Vegan educators are invited to contribute to this volume of essays on animal liberation and pedagogy. For the purposes of this book, the term ‘educator’ is very loosely defined and does not only refer to professionals in teaching positions. This project invites anybody who sees themselves as a facilitator of knowledge, be they teachers, authors, artists, activists or anybody else who is in a position to offer a platform for knowledge exchange in a private or public setting (including parents and guardians, key workers, public speakers, etc.).

The book hopes to serve as a platform for the exchange of practical tools, including revolutionary communication skills and radical approaches to pedagogy, all of which should incorporate a thematisation of animal liberation, speciesism or animalisation/dehumanisation amongst humans. Through this, it shall serve as a critique of and counterbalance to neoliberal education and its adherence to a mostly binaristic, white, heteronormative, masculinist, Euro- and anthropocentric curriculum.

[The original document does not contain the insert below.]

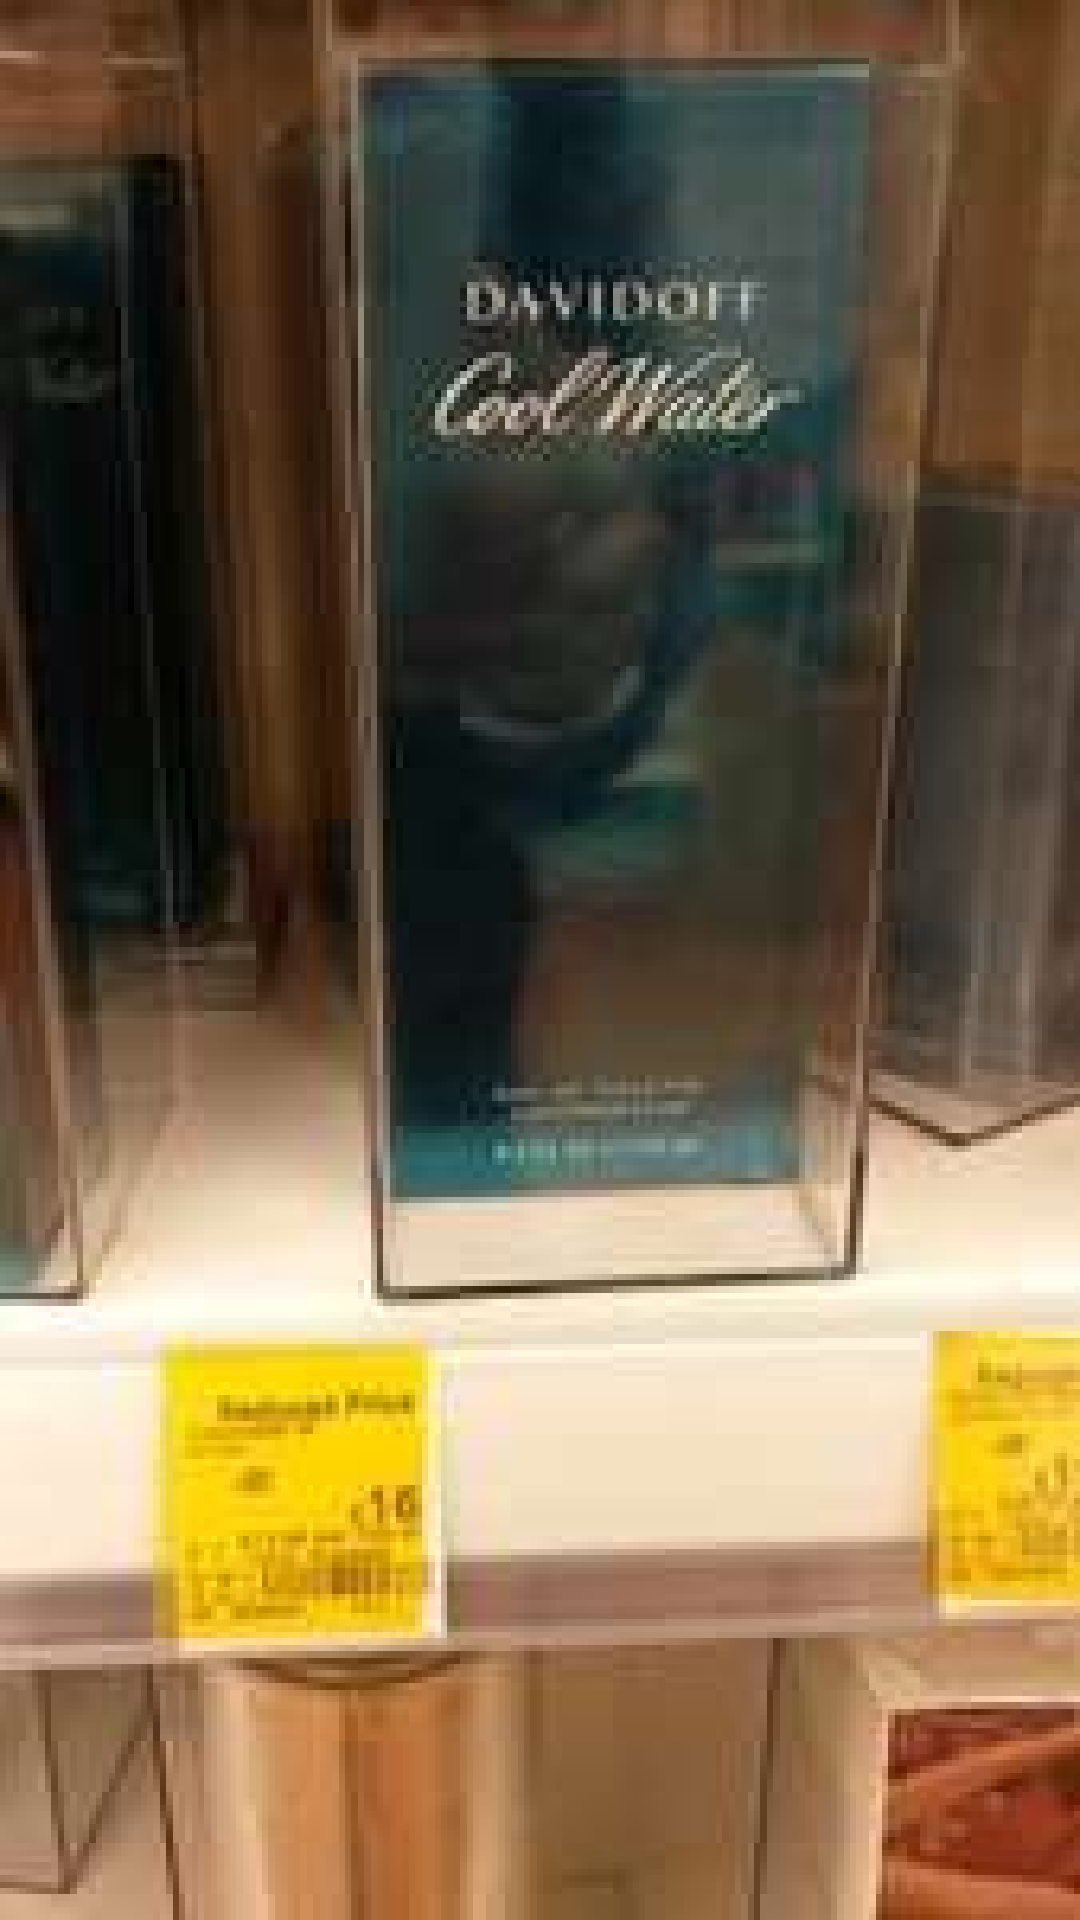 davidoff cool water 125ml £16 at Asda

Preference will be given to essays that critique the predominantly Eurocentric neoliberal, white, masculinist approach to (teaching) animal liberation, and/or to essays that present or imagine alternatives to dominant approaches in animal liberation in an educational context.

Contributions could address, but are not restricted to, the following areas:

– teachers as activists and activists as teachers

– pedagogical approaches to communicating animal suffering

– the ethics of teaching animal liberation (e.g. to children or when using imagery of animal suffering)

– animal oppression as part of a larger system of injustice (e.g. discussions of kyriarchy, or intersectionality if not appropriated by white contributors)

– teaching animal liberation (antispeciesism, veganism) as resistance to imperialism, racism, misogyny, genderism, heteronormativity, ableism, classism etc.

– animal liberation in an indigenous and anticolonialist / decolonialisation context

– teaching animal liberation in an interdisciplinary context (e.g. through a combination of science and art)

– making animal liberation relevant in specific subjects (e.g. Food Technology; Critical Food Studies; Media Studies; International Relations; Gender Studies; Disability Studies etc.)

– introducing veganism into non-animal-centered movements (e.g. doing vegan outreach in some form or another within feminism, queer communities, Antifa, BLM, occupy, environmentalism etc.)

– being a vegan pedagogue in a context that is hostile towards vegans

– teaching animal liberation under government repression (i.e. anti-terror laws, military regime etc.)

– teaching animal liberation from a marginalised position

Please outline your proposed work in 500 words and add a few lines about yourself to the proposal email. Contributions will be chosen in January and the final pieces could have a word count between 2500 and 7000 (please include a roughly estimated word count in your outline).

The English used in the essays should be as accessible as possible. Personal accounts, letters, diary entries, are welcome as are critical and academic analyses, however when theory and/or jargon is used it should be explained in the text itself or a glossary. If footnotes are used, please include them on the page they refer to.